A Guide to Tracking Carbs, Proteins, and Fat

Macros is a collective term used to describe the three macronutrients found in foods: protein, carbohydrates, and fats. Your body needs macronutrients in large quantities on a daily basis in order to support overall health and physical functioning.


Foods are made up of different ratios of macros, some being higher in specific macros, like protein and carbs, than others.


Counting macros is a method that’s popularly used by people who want to lose weight and improve body composition. Plus, being aware of macros can benefit those with health conditions, such as type 2 diabetes. 


Here’s everything you need to know about macros, including what they are, how to count them, and the potential benefits associated with keeping track of macros. 



Macronutrients are required in larger amounts than micronutrients, which include vitamins and minerals.


There are three types of macronutrients that your body needs: carbohydrates, proteins, and fats.


  • Carbohydrates: Carbohydrates is an umbrella term that includes sugars, starches, and fibers. The major function of carbs is to provide your cells with energy, but they also play roles in gut health and immune health. Carbohydrates provide four calories per gram and usually comprise the largest portion of most people’s calorie intake.
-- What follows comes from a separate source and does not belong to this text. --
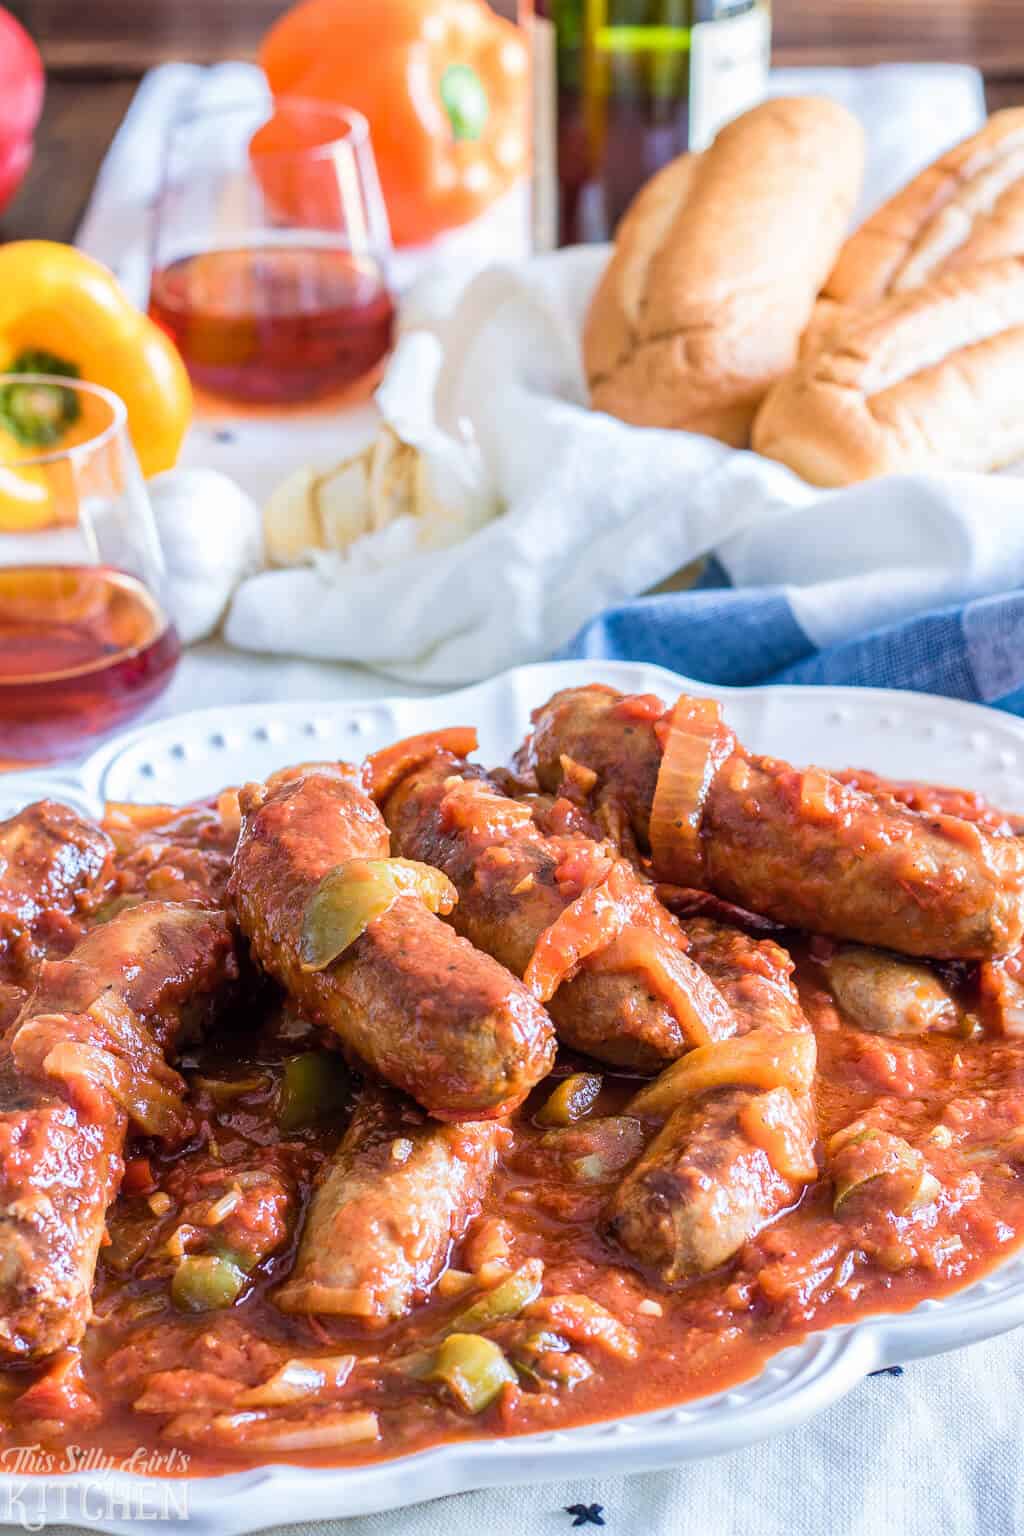 Marsala Sausage and Peppers on white platter with wine and rolls in background.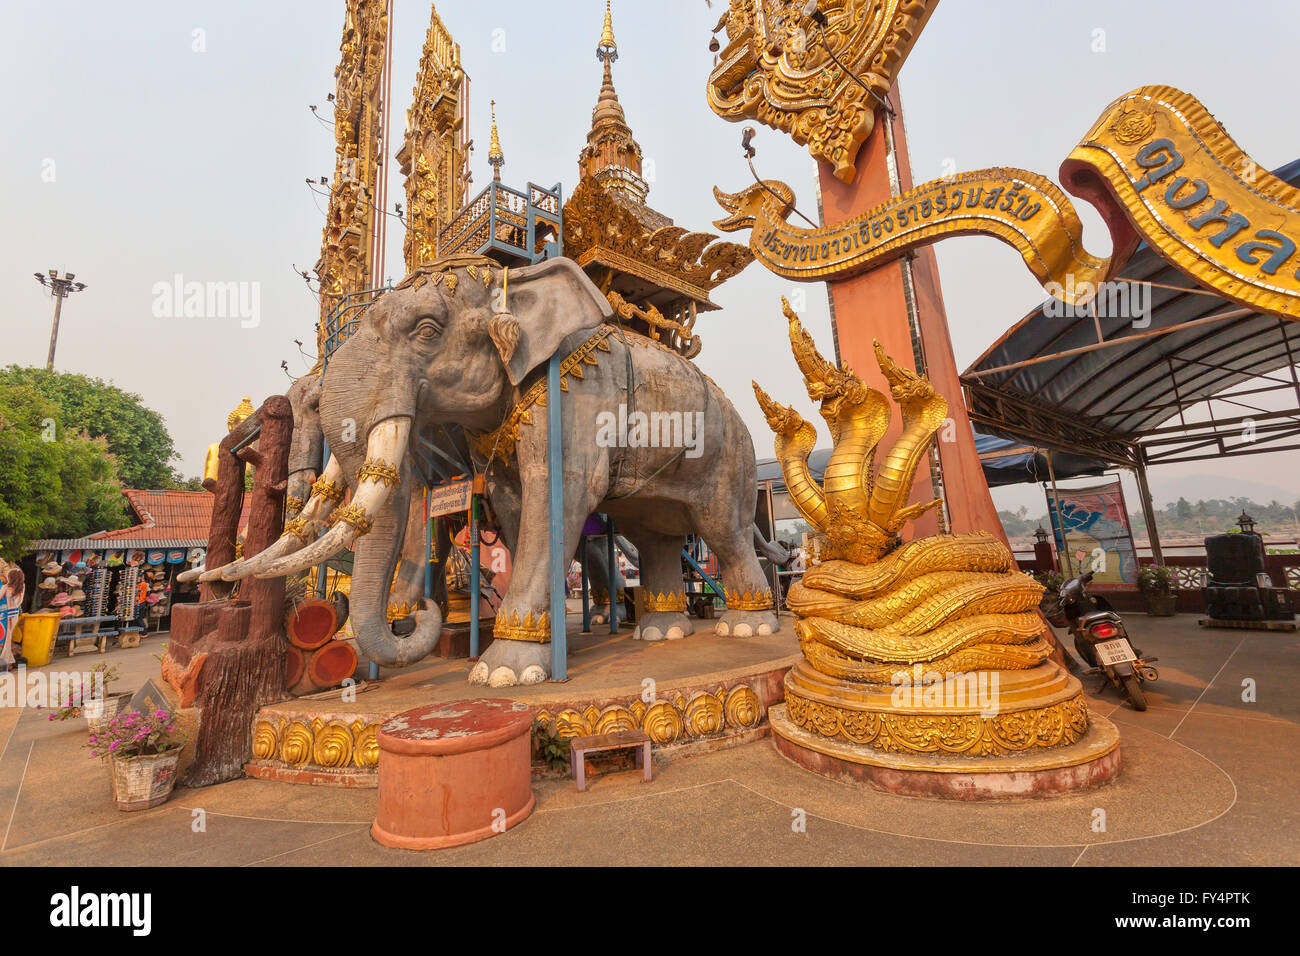 Golden Triangle in Northern Thailand and Laos Elephant statue Stock Photo

Carb-rich foods include grains, starchy vegetables, beans, dairy products, and fruit.
  • Proteins: Like carbohydrates, proteins provide four calories per gram. Proteins are necessary for life as they provide the amino acids needed for the production of hormones, antibodies, and neurotransmitters. Examples of protein-rich foods include eggs, chicken, fish, and beans.
  • Fats: Fats contain more calories than carbs and proteins, providing nine calories per gram. Your body uses fat for energy and critical functions such as nutrient absorption, hormone production, and regulating body temperature. Fats are found in foods like butter, oils, nuts, meat, and fish.


Most foods contain a combination of macronutrients, but some are composed of just one. For example, nuts contain all three macronutrients, while olive oil is composed of 100% fat.


To count macros, you’ll need to be aware of the total macronutrients found in a food so that you can keep track of your macro intake. 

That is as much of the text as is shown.